A long with this, arguments with his parents and little things can lead him to inflict his pain on others (verbally) or physically at objects to express his frustration - which does scare the fuck out of me because 1) It's a behaviour that's childish, 2) I have no fucking clue in how to act in that situation. I have discussed about this with him constantly. By physical abuse against objects - I don't mean breaking a table, more like push or slam it etc.I just hope he finds an okay-ish career soon and perhaps things will turn a lot better
Imagine waking up to texts about how down someone is feeling... almost everyday, for months.Posted 10 months ago # -
Urgh. That brings back more memories of my ex than I like. People have to actually let you cheer them up. When their goal isn't to actually cheer up but to be pitied, they're a huge energy drain and there's no way you get them out of it. Only external factors will then influence them. I remember one time I'd already been futilely trying to cheer my ex up for easily two hours when suddenly her spirits were lifted by the fact that something she'd ordered arrived in the mail. (I told her I was very happy that she was feeling better but of course I was terribly annoyed about it.) It's nothing short of parasitism.

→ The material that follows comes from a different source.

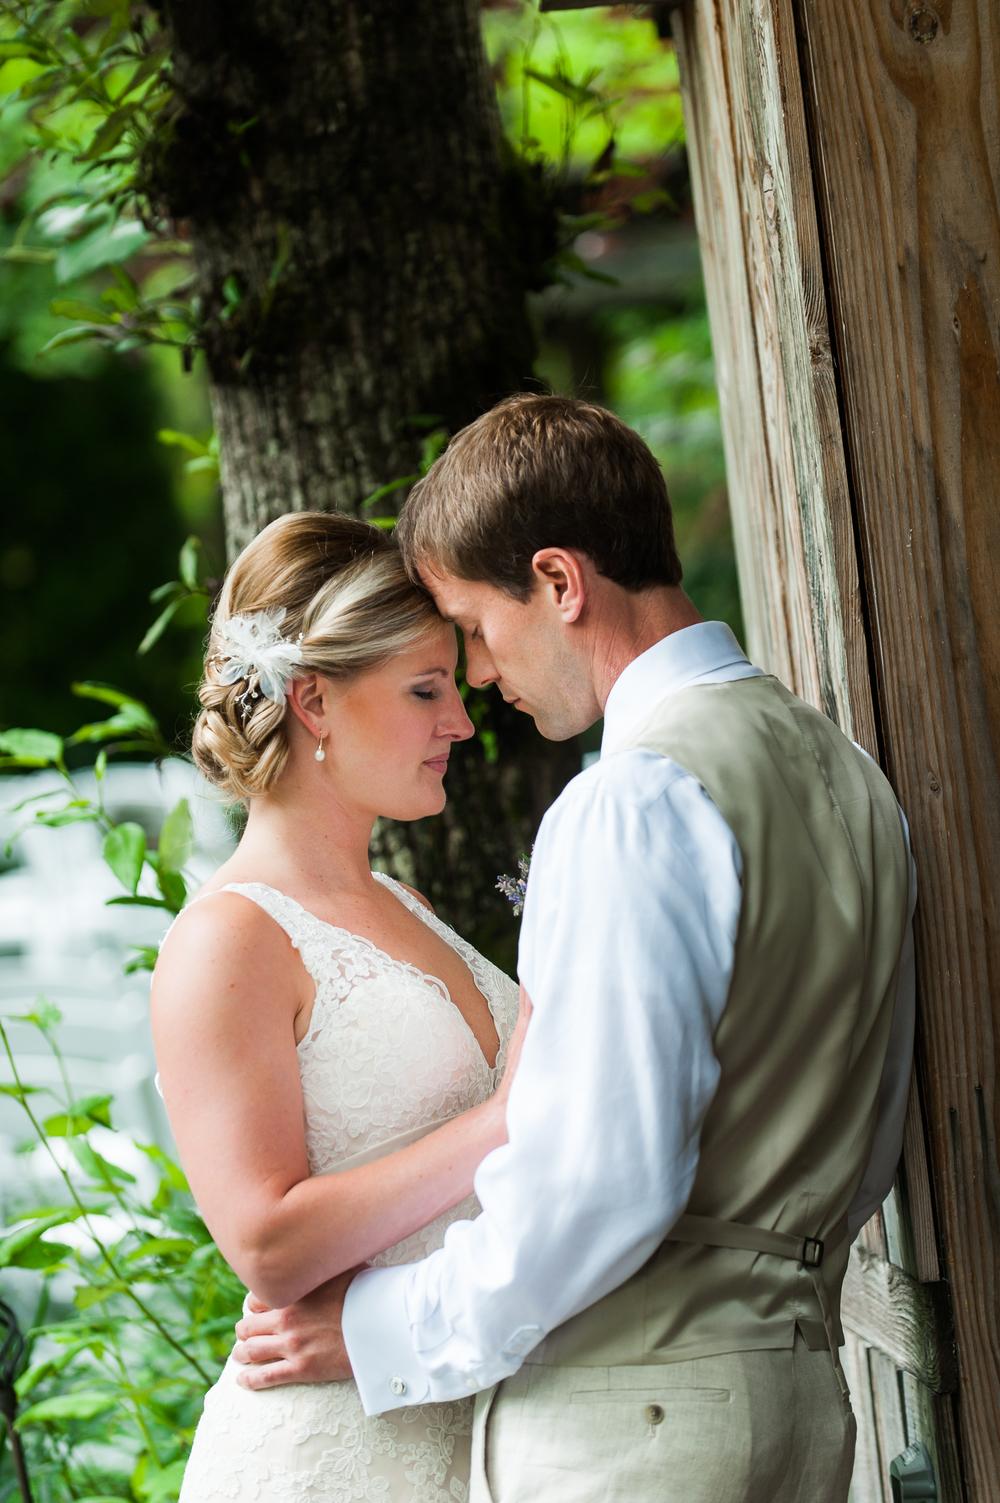 JJ-wedding-Van-Wyhe-Photography-203.jpg

I've had a huge complex about people with emotional baggage since.
Posted 10 months ago # -
I had "low-level" depression for a while after I graduated. I didn't recognise it and didn't do anything about it. Look how well that turned out! \o/
srsly tho tie a rope around his balls and drag him to the doctor. This shit needs to be nipped in the bud because it doesn't always go away on its own; sometimes, it just gets worse, and you end up with someone fit for sancon.
EDIT:
btw, nin, remember that when you have depression, someone trying to make you feel better can actually make you feel worse because you feel guilty about not being able to respond in the right way. Or you feel that they're not being sincere because your perception is fucked up. It's not parasitism; it's a disease.
Posted 10 months ago # -
lol just get over it ya homos
Posted 10 months ago # -
@artwork ,Yeah it does feel like that in what you listed.
I just don't really know what to do at this point. We do discuss our feelings a lot and pretty much everything and anything that was a concern.
He is my first boyfriend and I really don't know what I should do. I haven't got advice from anybody.I love his body, when I lift up his shirt to feel it. He sometimes tells me to pull it down because he feels fat, unattractive. I really do feel there is nothing I can do to help him love himself.
I do feel hurt sometimes the way he responds when he's not in the mood - when I try to be affectionate towards him.I guess after this, I'm going to have a conversation with him on depression and see how that goes. I still love him a lot and want this to work. And I mean, a little less arguments and a little more love with him.
Posted 10 months ago # -
kudichan said:
btw, nin, remember that when you have depression, someone trying to make you feel better can actually make you feel worse because you feel guilty about not being able to respond in the right way. Or you feel that they're not being sincere because your perception is fucked up. It's not parasitism; it's a disease.Hm...
This is making me wonder if it's possible that I didn't recognise depression in my ex.